The same eight checks apply at both versions; the locus of observation moves from "the compliance account's ongoing activity" to "AAO's canonical flight."

| # | Check | 3.x (enrollment) | 4.0 (canonical campaign) |
|---|-------|------------------|--------------------------|
| 1 | **Liveness** | At least one active buy in the compliance account ≥ 80% of the 7–14 day rolling window | At least one healthy completed canonical flight per scheduled cadence (weekly cadence = ≥ 1 healthy flight per rolling 7-day window; missed flights count as failures, not as quiet periods) |
| 2 | **Freshness** | Same `get_media_buy_delivery` query on day N vs N+1 returns different numbers | Same query *during* a canonical flight's flight window returns changing numbers across the flight |
| 3 | **Plausibility** | Monotonic impressions, `by_package` sums, non-zero where expected, `pacing_index` consistency | Same checks applied to the canonical flight's reported delivery |
| 4 | **Filter correctness** | `start_date` / `end_date` narrow results against account history | Same applied to the canonical flight |
| 5 | **Reporting-surface cross-consistency** | All declared reporting surfaces agree across the compliance account window | All declared surfaces agree for the canonical flight; skipped if polling is the only declared surface |
| 6 | **Lifecycle correctness** | Completed / paused / canceled buys behave correctly across the account | The canonical flight completes, pauses, and cancels correctly when AAO induces those transitions |
| 7 | **Introspection consistency** | `authorization` object on `sync_accounts` / `list_accounts` matches actual enforcement | Same — runner verifies `authorization` before and during each canonical flight |
| 8 | **Seller-initiated state-transition propagation** | Trafficker / finance / lifecycle changes surface within seller's declared status-freshness tolerance | Same applied to the canonical flight; AAO induces seller-initiated transitions in some weeks to test propagation |

## The 4.0 proposal: canonical test campaigns

**AAO Verified (Live) in 4.0 = an AAO-operated canonical test campaign for this specialism is currently running through your agent and reporting is flowing.**

One trigger. One bar. You earn it by letting AAO run real buys through you; you lose it when those buys stop working.

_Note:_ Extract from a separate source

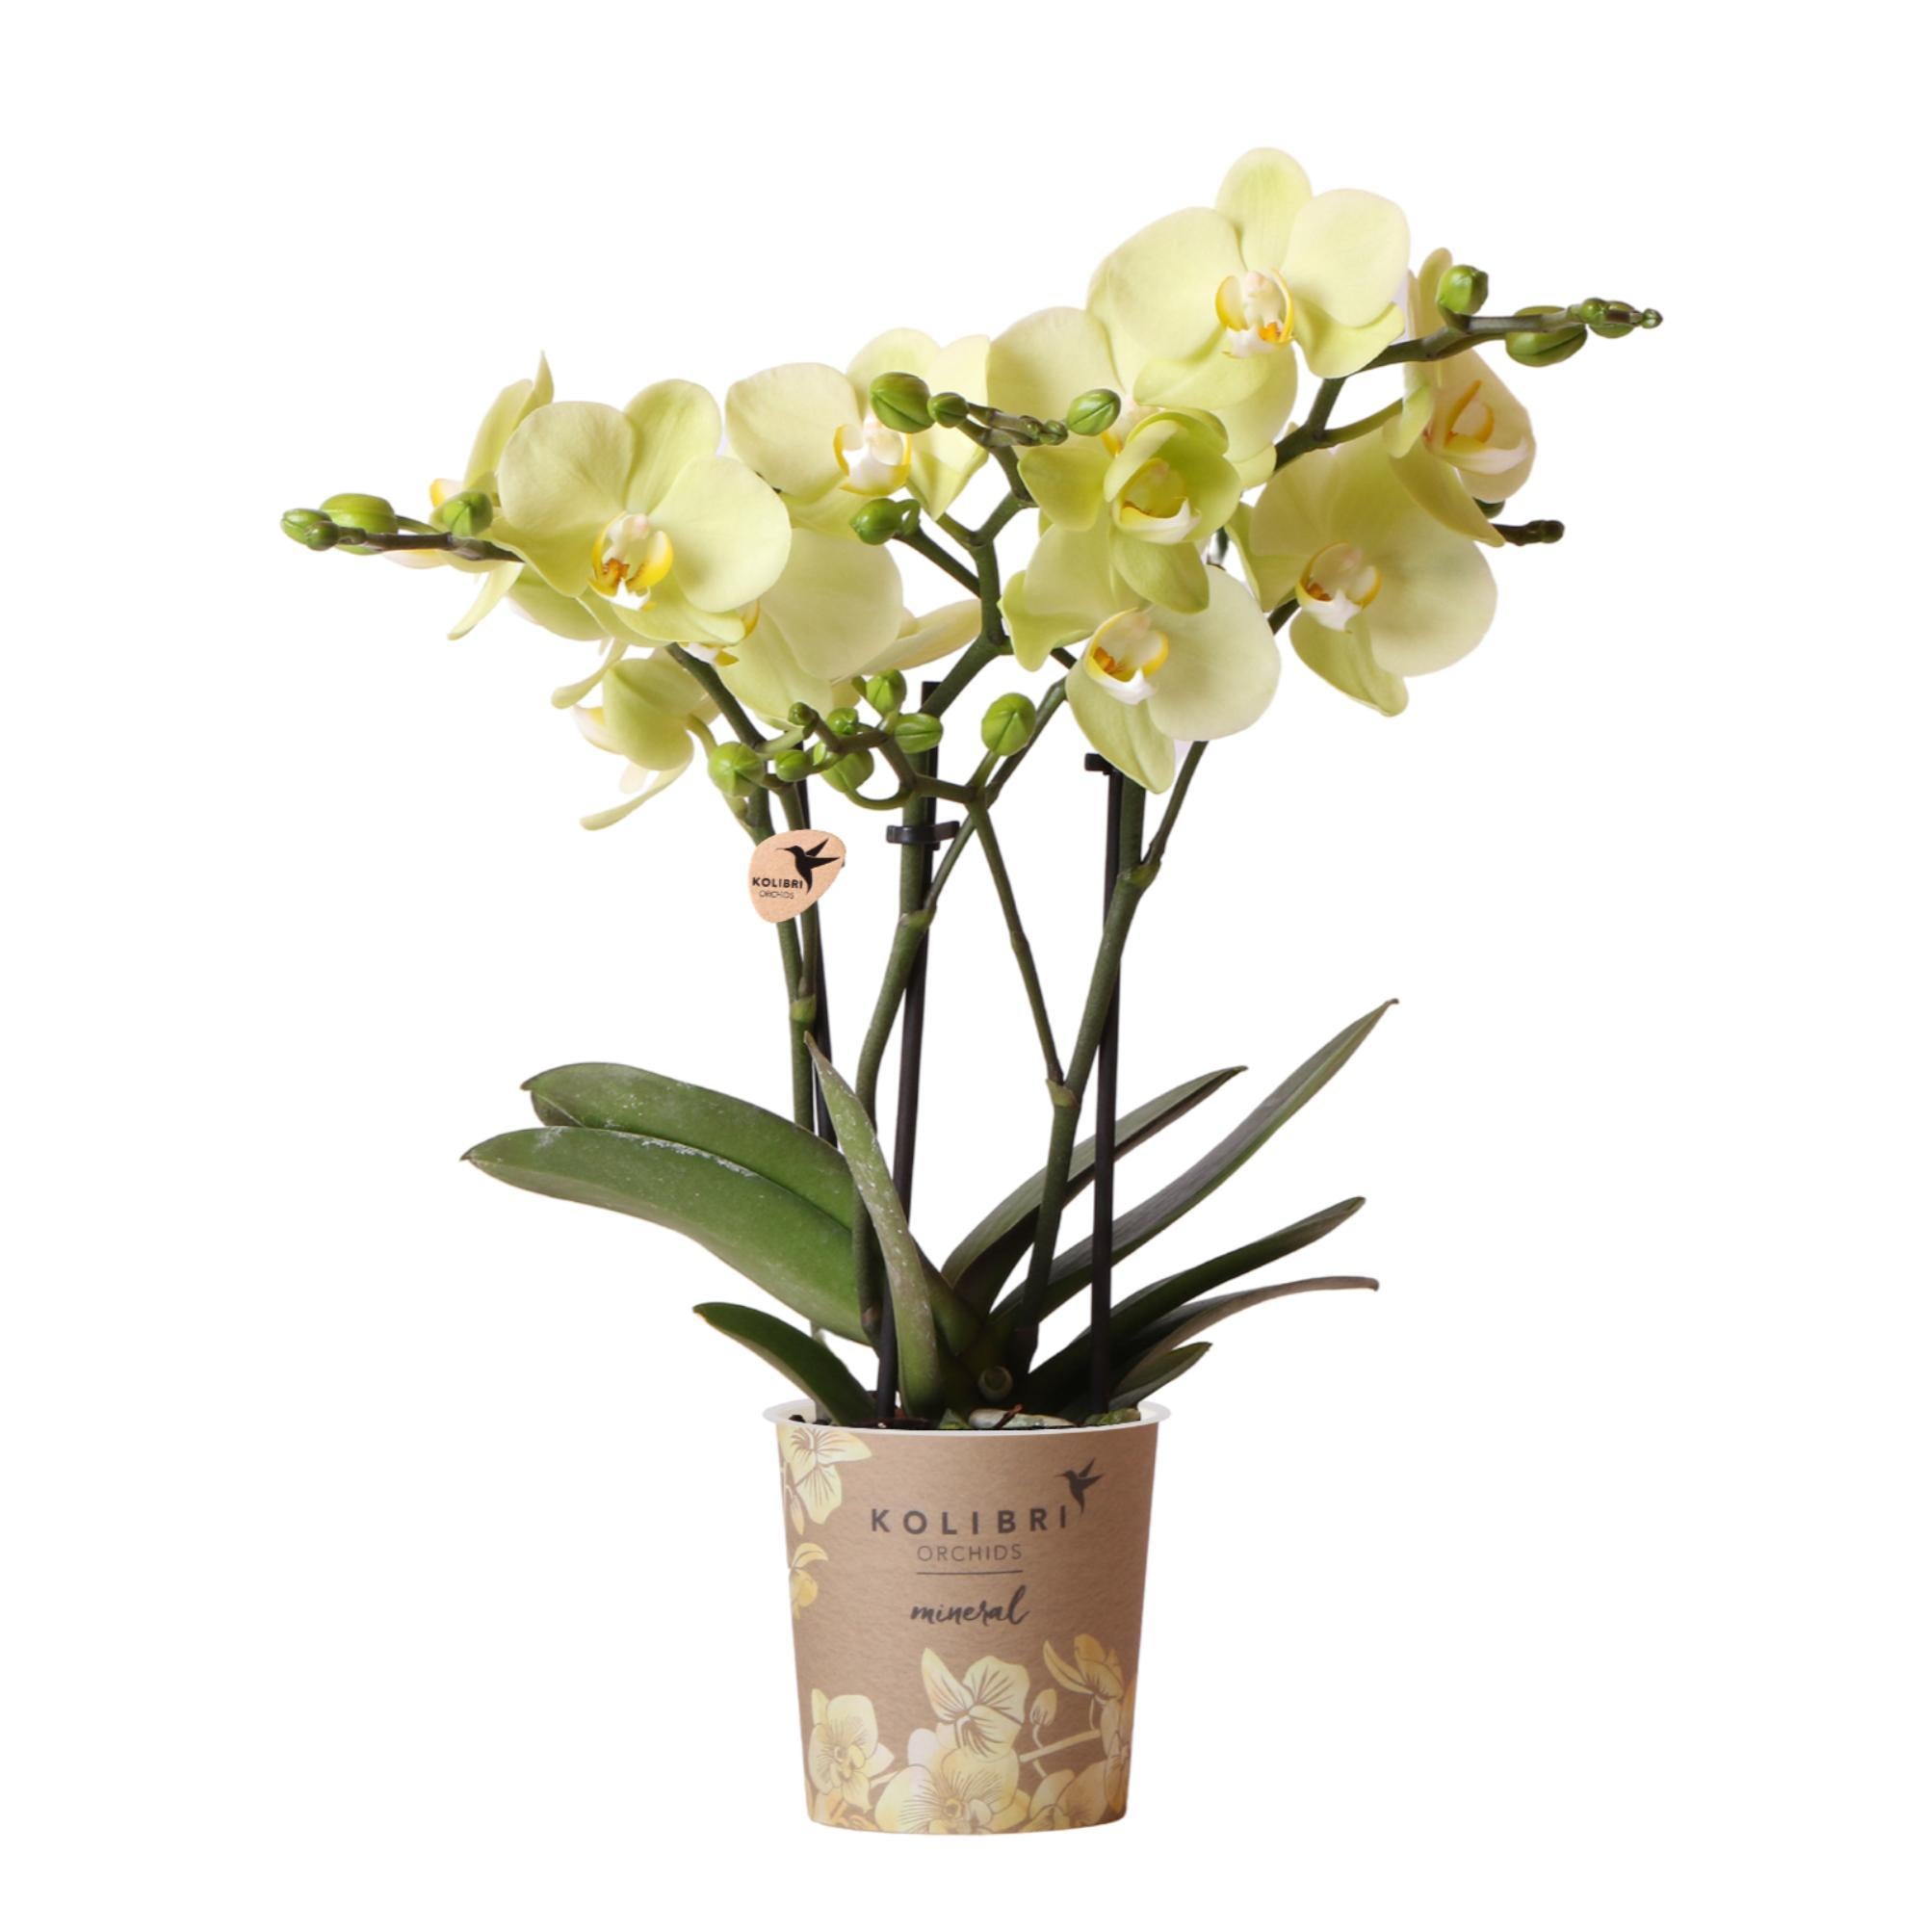 Gelbe Phalaenopsis-Orchidee kaufen

### Specialism as contract

Each specialism that supports canonical campaigns gets exactly one **canonical test flow** — a real end-to-end interaction that exercises the production code path for that capability. AAO runs it weekly. If every step works, the AAO Verified (Live) mark stays green for that specialism; if any step fails, it degrades.

"Canonical test campaign" is a shorthand; the real idea is "AAO runs an end-to-end canonical flow through your agent that exercises the same code path buyers would hit." The flow shape varies by specialism — a media-buy sales specialism runs a PSA flight; a governance specialism runs a compliant/non-compliant brief pair; a signals specialism runs a discover-then-activate flow.

The common thread: AAO is an operator participating in the ecosystem. Every AAO Verified (Live) agent has AAO as an active counterparty exercising their real code paths weekly. Breakage on any seller surfaces within a week.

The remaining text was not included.